During the study period, acute stroke nurse practitioners, stroke neurology fellows, and neurologists provided around-the-clock, on-call, acute stroke consultation coverage. The nurse practitioners and fellows had identical training and supervision by attending physician faculty members. Our evaluation among providers is part of our brain attack center's continuing performance improvement initiative. Our data serve to support the incorporation of well-trained acute stroke nurse practitioners and fellows as primary acute stroke consultants within a regional system. The analysis suggested a difference in symptomatic intracranial hemorrhage rates between acute stroke–trained providers and traditional neurologists. We attributed this to the fact that acute stroke neurologists had greater experience with lytic therapy during their training period, and we addressed these differences through a quality improvement educational process. As a result, in 2006, among all specialists, no patient (0/41 patients) experienced symptomatic intracranial hemorrhage after tPA therapy for acute ischemic stroke. We believe every brain attack center should have an established process for ongoing surveillance of efficacy and safety data.

Our rate of tPA administration has increased steadily since the year of inception of our emergency medicine stroke network while low rates of complication have been maintained.
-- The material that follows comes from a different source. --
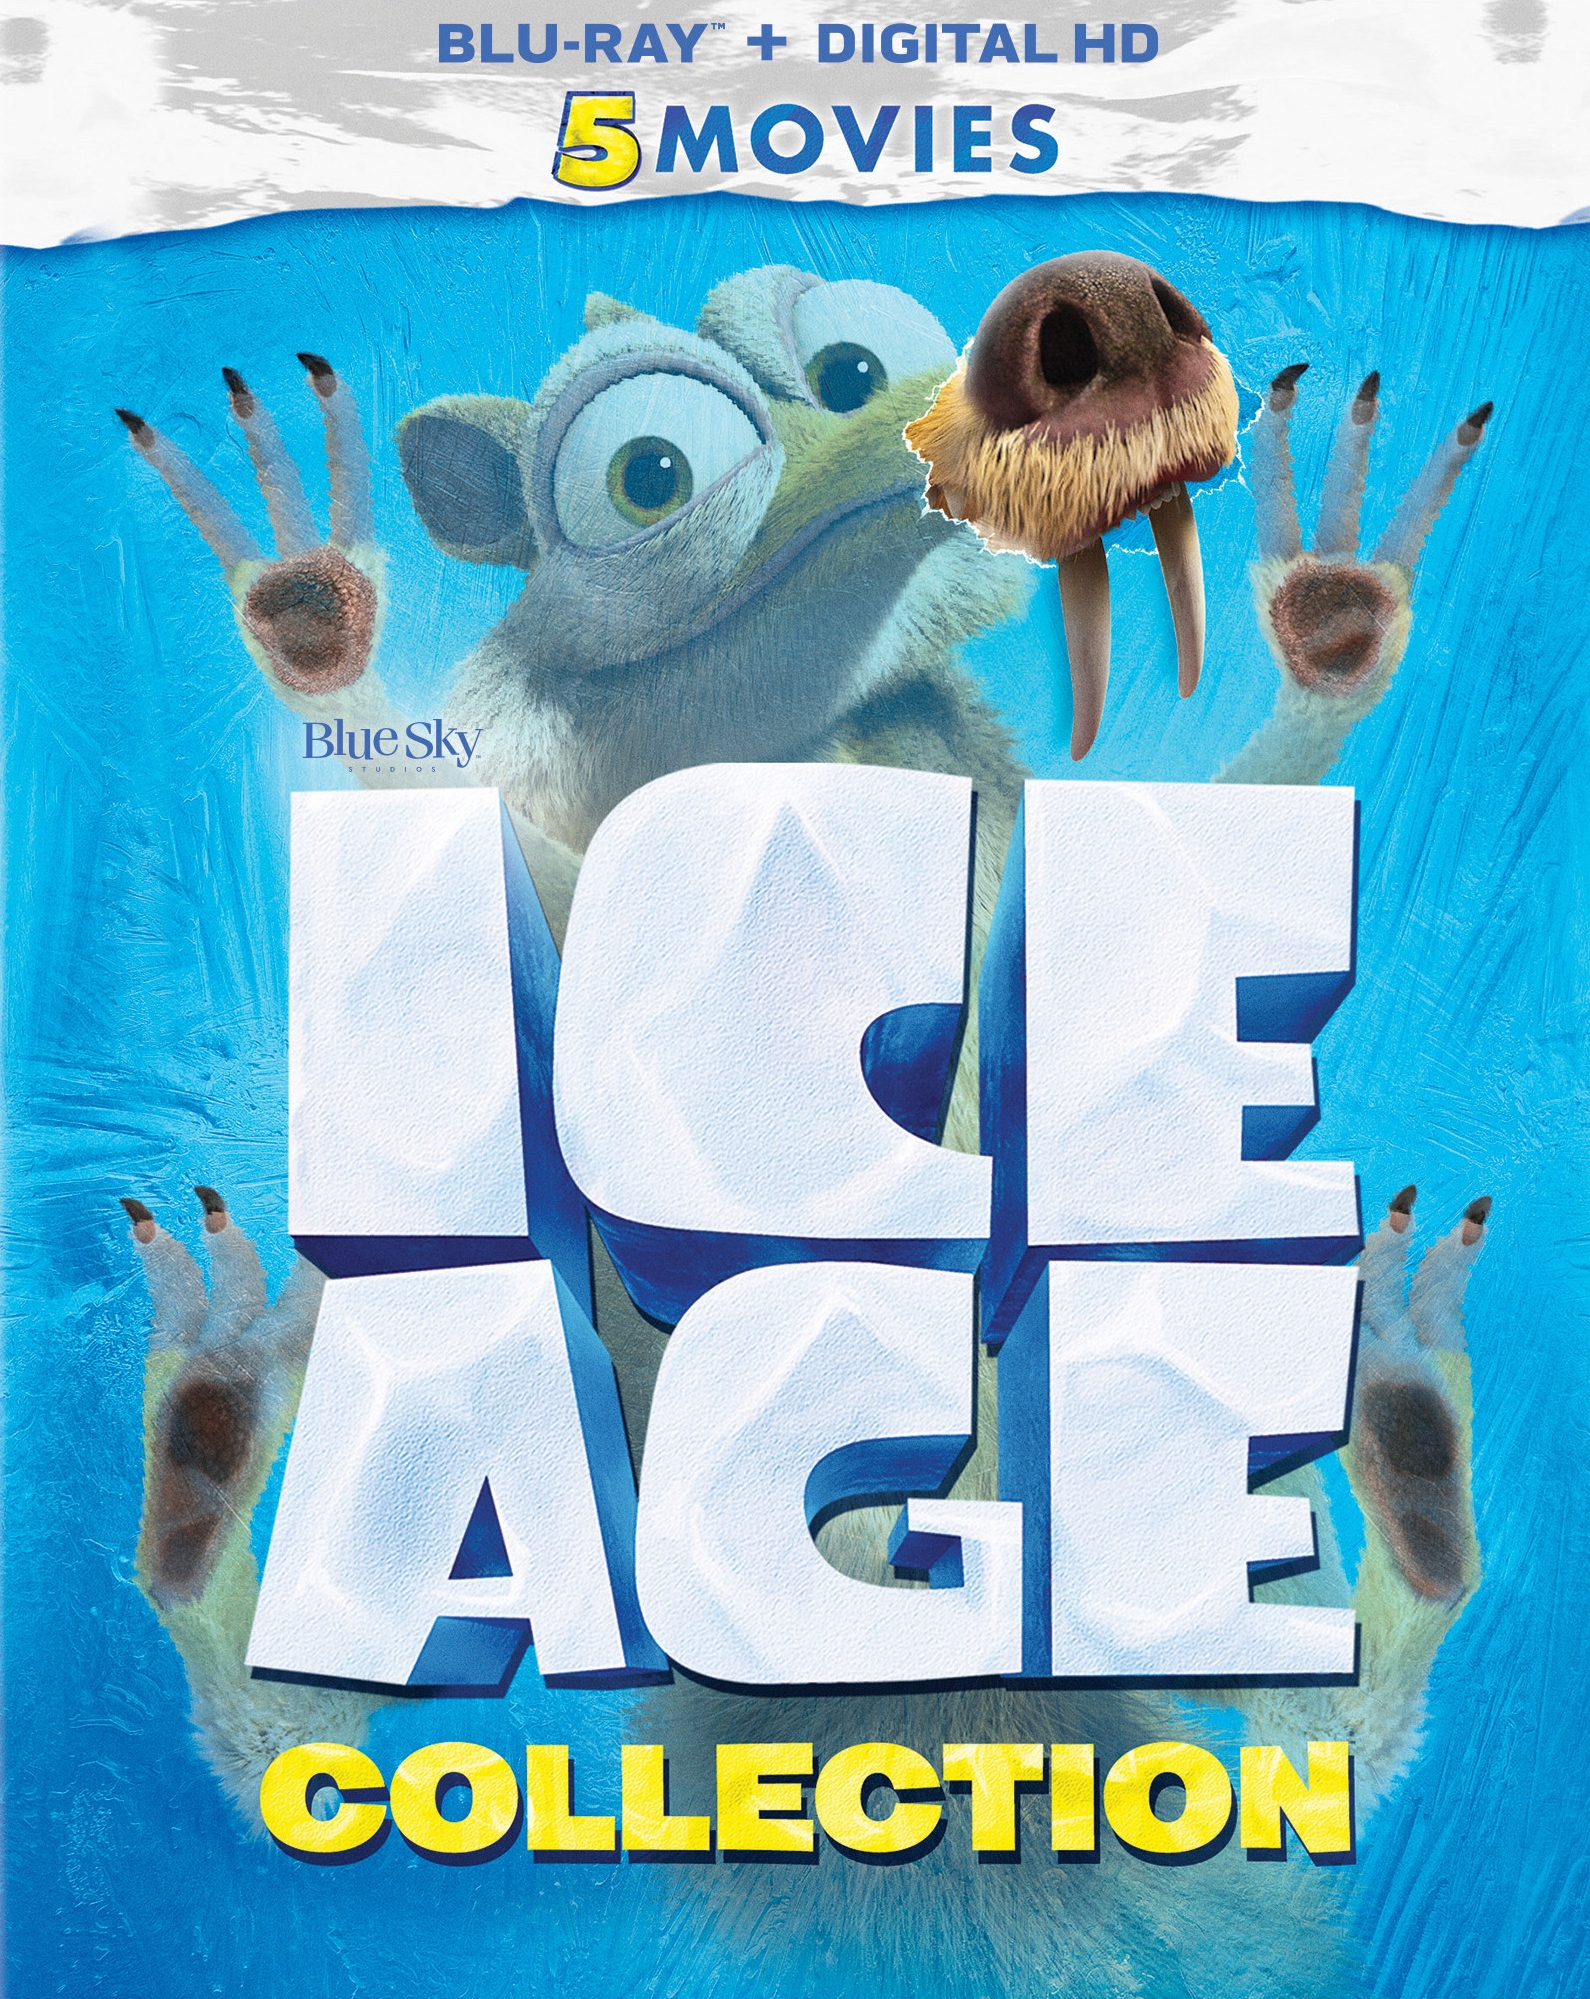 Ice Age 5 Movie Collection Includes Digital Copy Blu Ray 5 Discs Best Buy
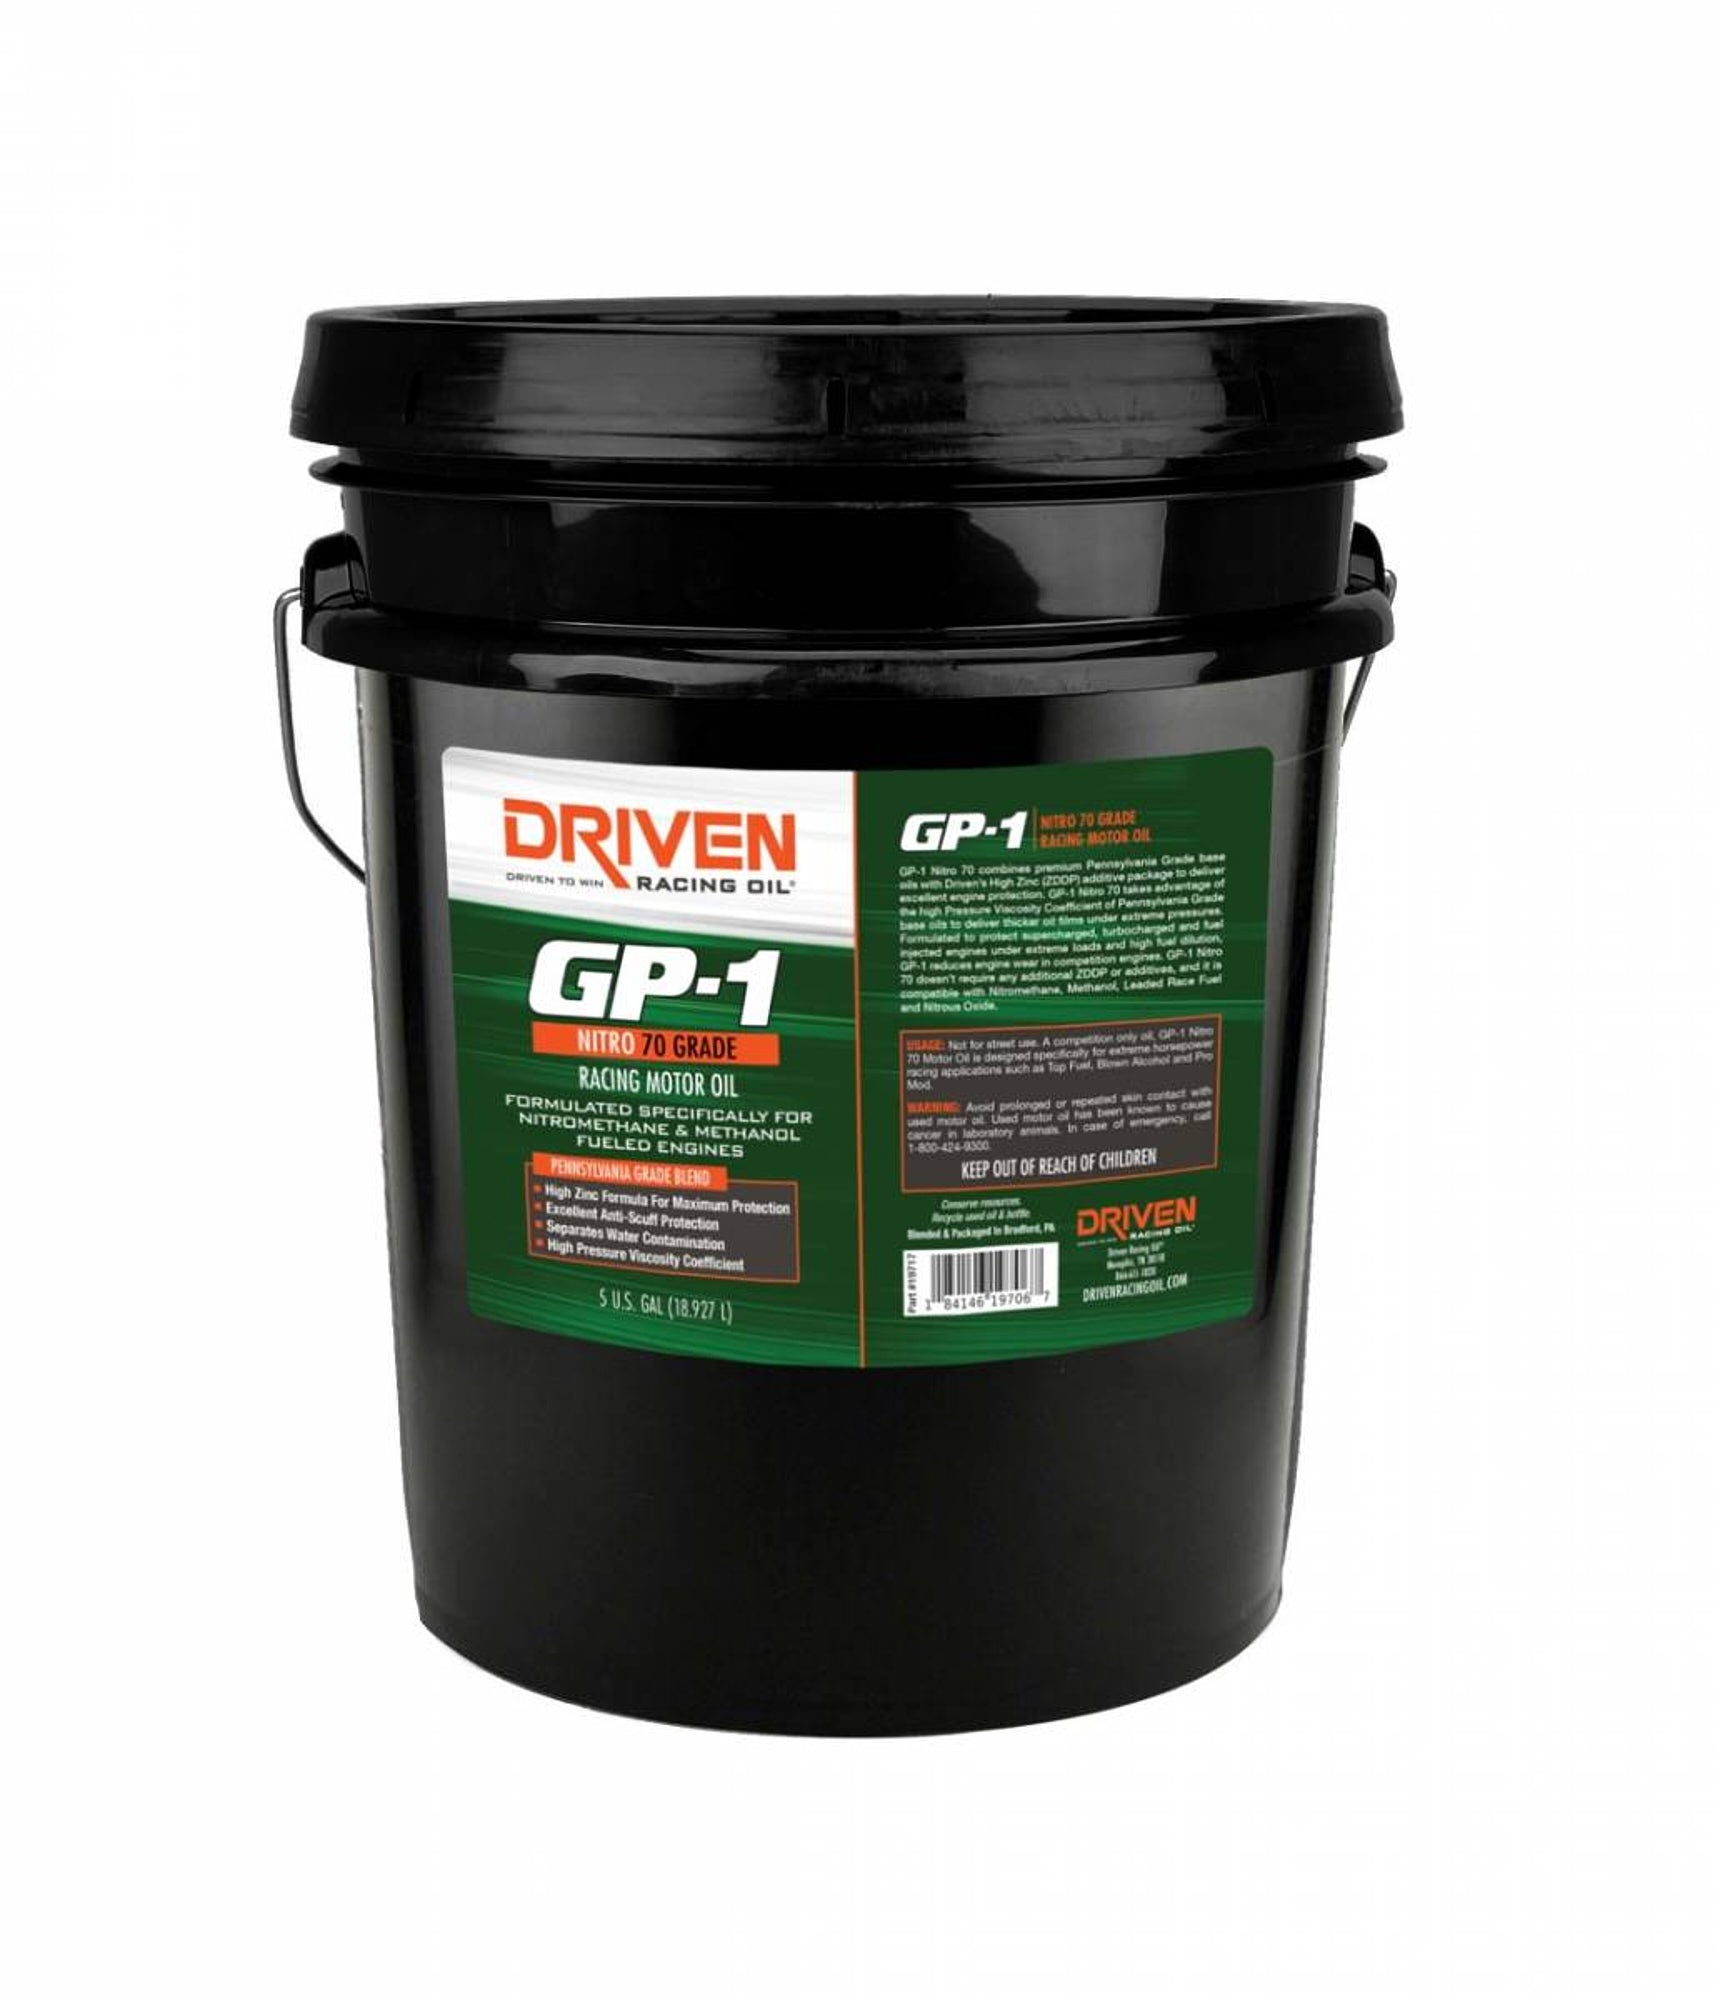 Driven Racing Oil GP-1 Nitro 70 Synthetic Blend 5 Gallon Pail Oils, Fluids and Additives Motor Oil main image

Factors critical to our success include the following: (1) the expertise of our network of emergency medicine providers, (2) the stability of our core of acute stroke specialists, (3) our continuing dialogue about protocol, (4) continuous quality assurance checks by the program director, and (5) our commitment to delivering educational lectures to referring hospital EDs on a rotating schedule throughout the region.

Many factors contribute to our good 3-month outcomes, such as intravenous tPA administration or admission to our regional stroke center for care.21 Although it is difficult to interpret the data specific to the reason for good outcomes, our observations suggest that care by an expert team increases the rate of tPA administration and improves patient outcome.

Conclusions 

Our study provides a unique opportunity to explore the generalizability of results from the original research as applied in a model pragmatic, well-organized, hierarchic, regional stroke system. The network's outcomes for tPA-treated patients compare favorably with those reported from the NINDS stroke trial. According to these results, we support the establishment of similar regional systems for the care of acute stroke patients.

Summary 

Administration of tissue plasminogen activator (tPA) for acute ischemic stroke remains controversial in community practice. Well-organized hierarchic systems of acute stroke care have been proposed to link community hospitals to comprehensive stroke centers. We report safety and functional outcomes in patients treated with tPA in our regional emergency stroke network and compare them with results reported from the trial conducted by the National Institute of Neurological Disorders and Stroke (NINDS).